Yeah I heard a while a go on llama.cpp that cache type Q4 does not play very nice with phi models. Since quantize cache is an experimental thing on llama.cpp, we may expect it to fail on some models.

flatsiedatsie commented 1 month ago

Well, here it's the opposite :-D The Phi models do work.

Since quantize cache is an experimental thing on llama.cpp, we may expect it to fail on some models.

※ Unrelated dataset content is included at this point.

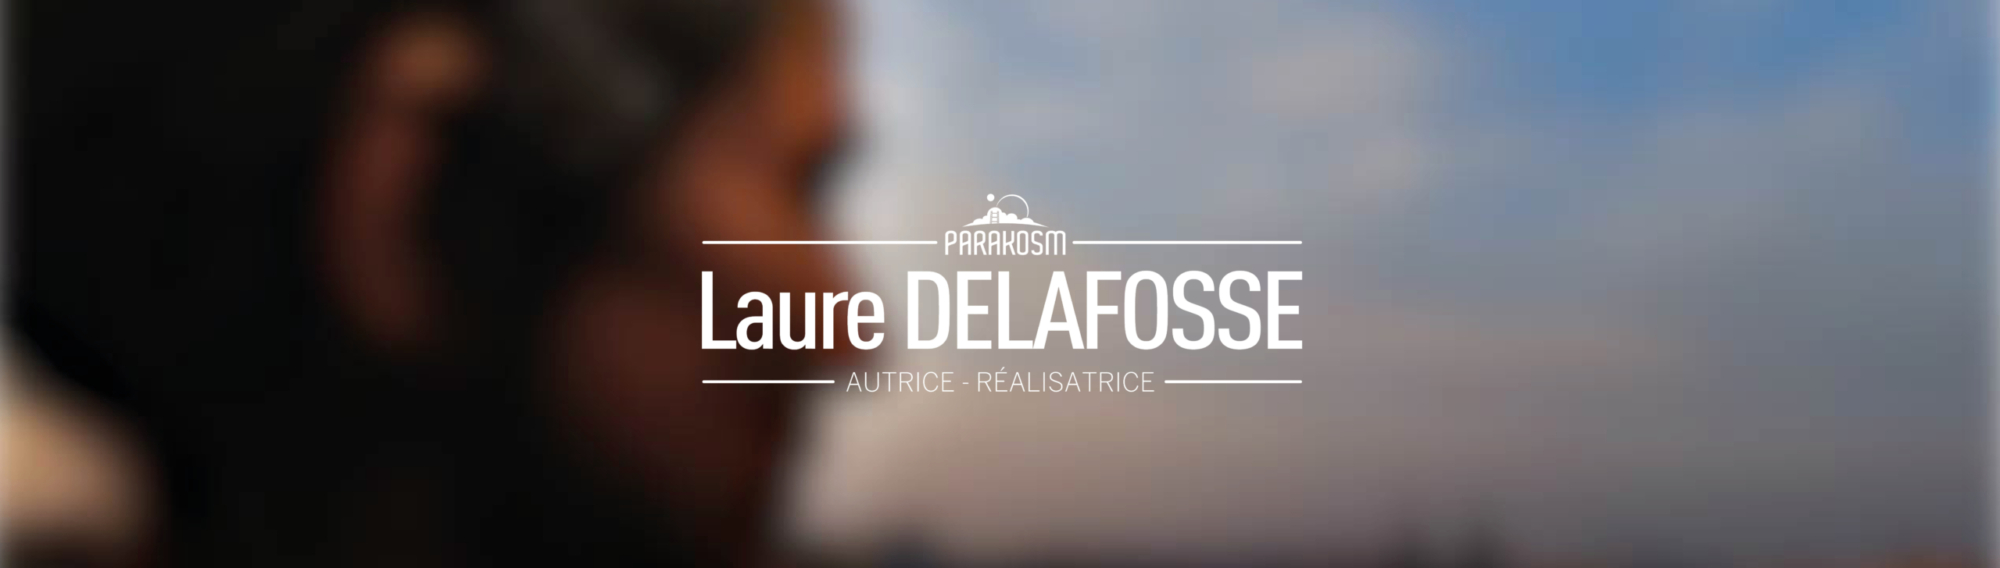 Laure Delafosse
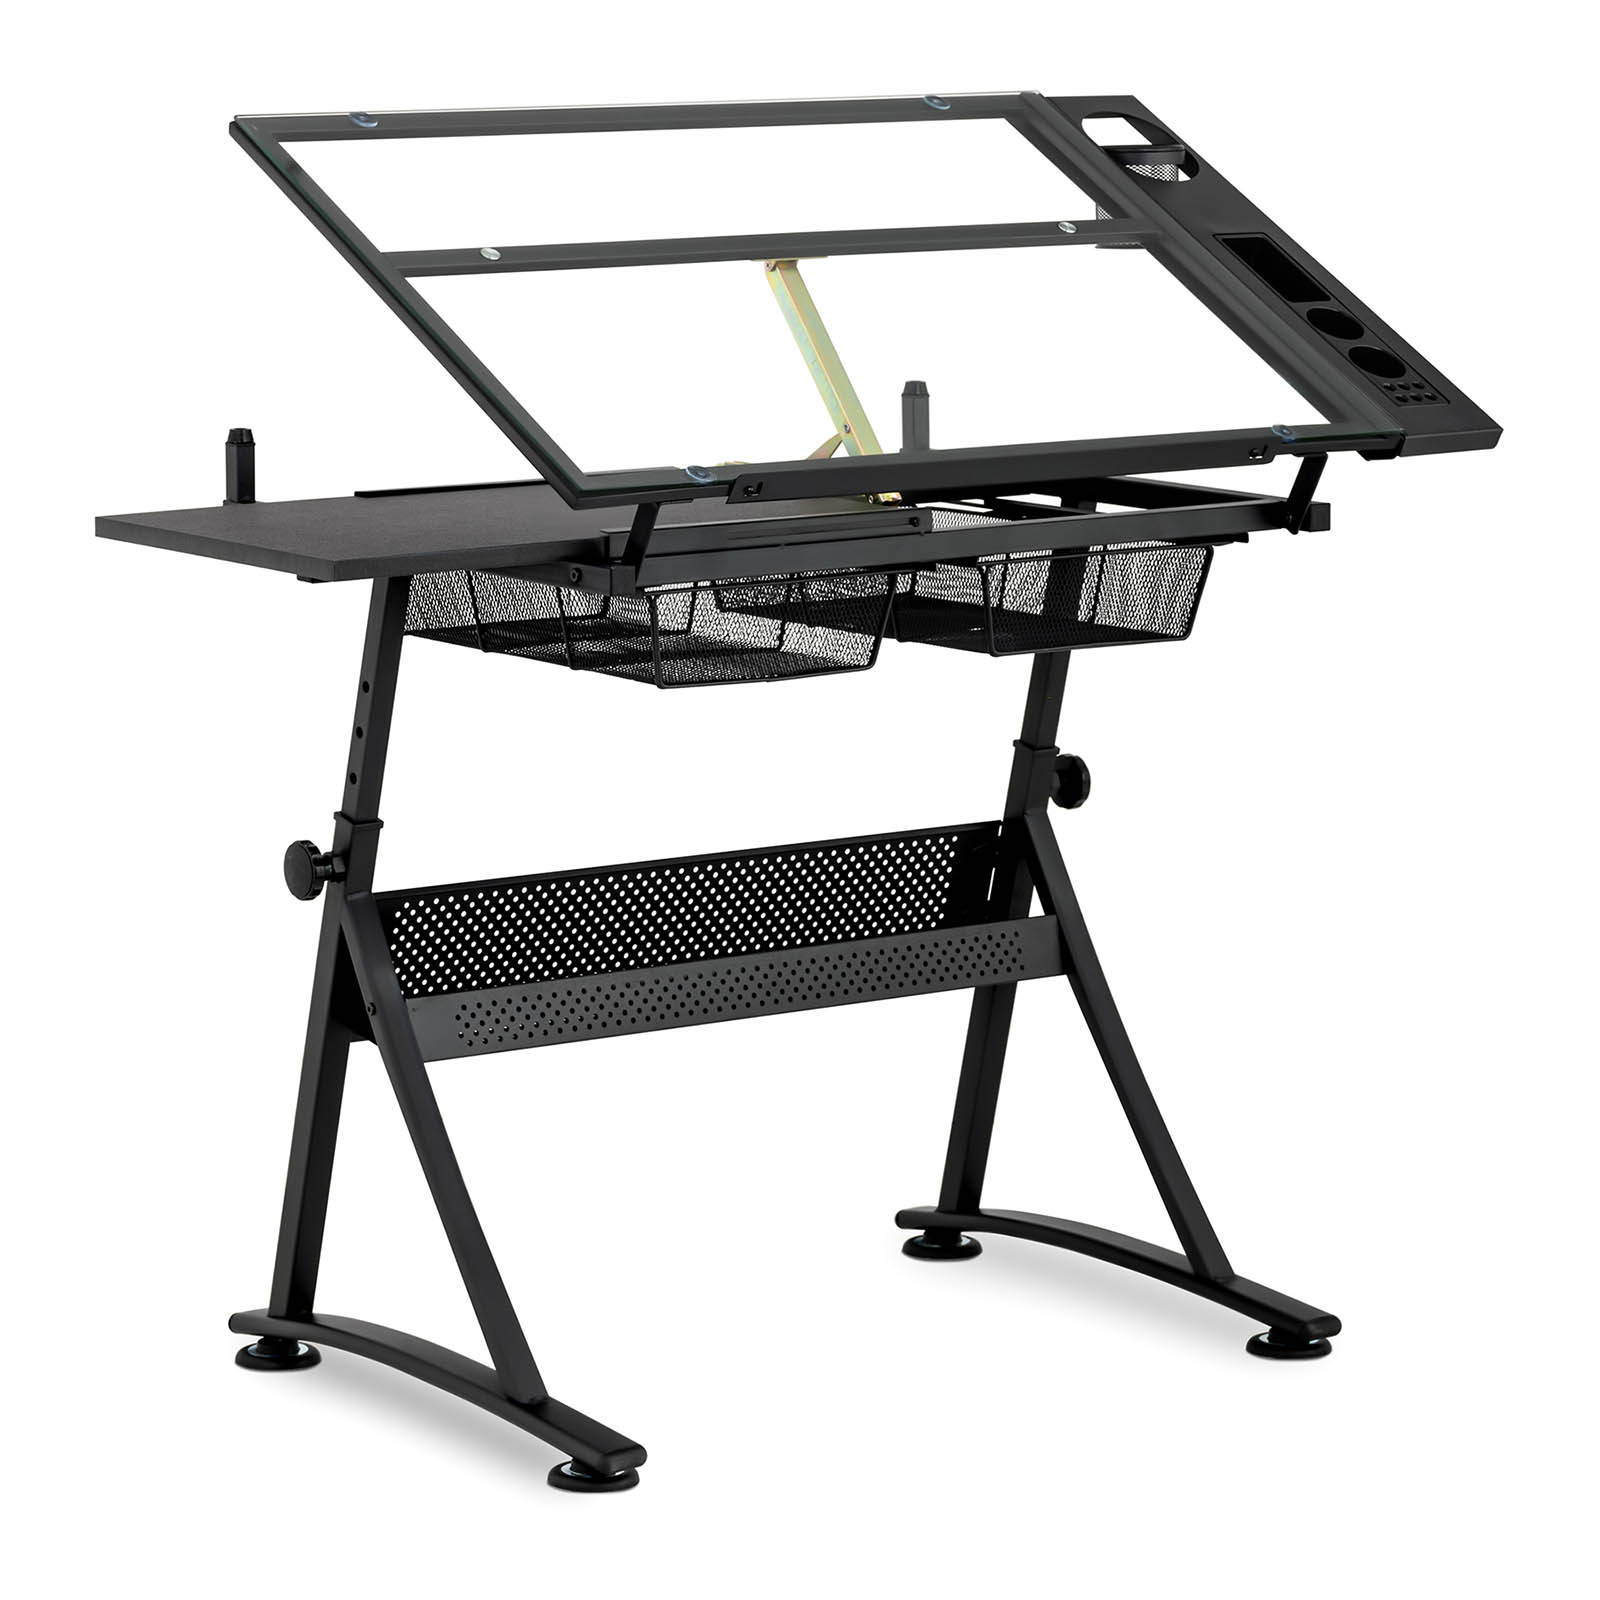 Table à dessin inclinable - 120 x 60 x 90 cm - Plateau en verre

Aha! I didn't know that. Thank you.

I'm going to test a bit more, and see if the issue can be solved by chunking those Q5 models. If not, then I'll create a setting to simply not use cache_type_k on those deviants.

I'll also try to confirm if it has to do with models being quantized to Q3 / Q5 instead of Q4.

flatsiedatsie commented 1 month ago

Tested Rocket 3B Q4 quant, but that also crashed. So it doesn't seem related to models being Q4 themselves.

flatsiedatsie commented 1 month ago

I can only conclude that, as you say, for some models it just randomly doesn't work.

I'll create a variable in my code that enables or disables cache_type_k as needed.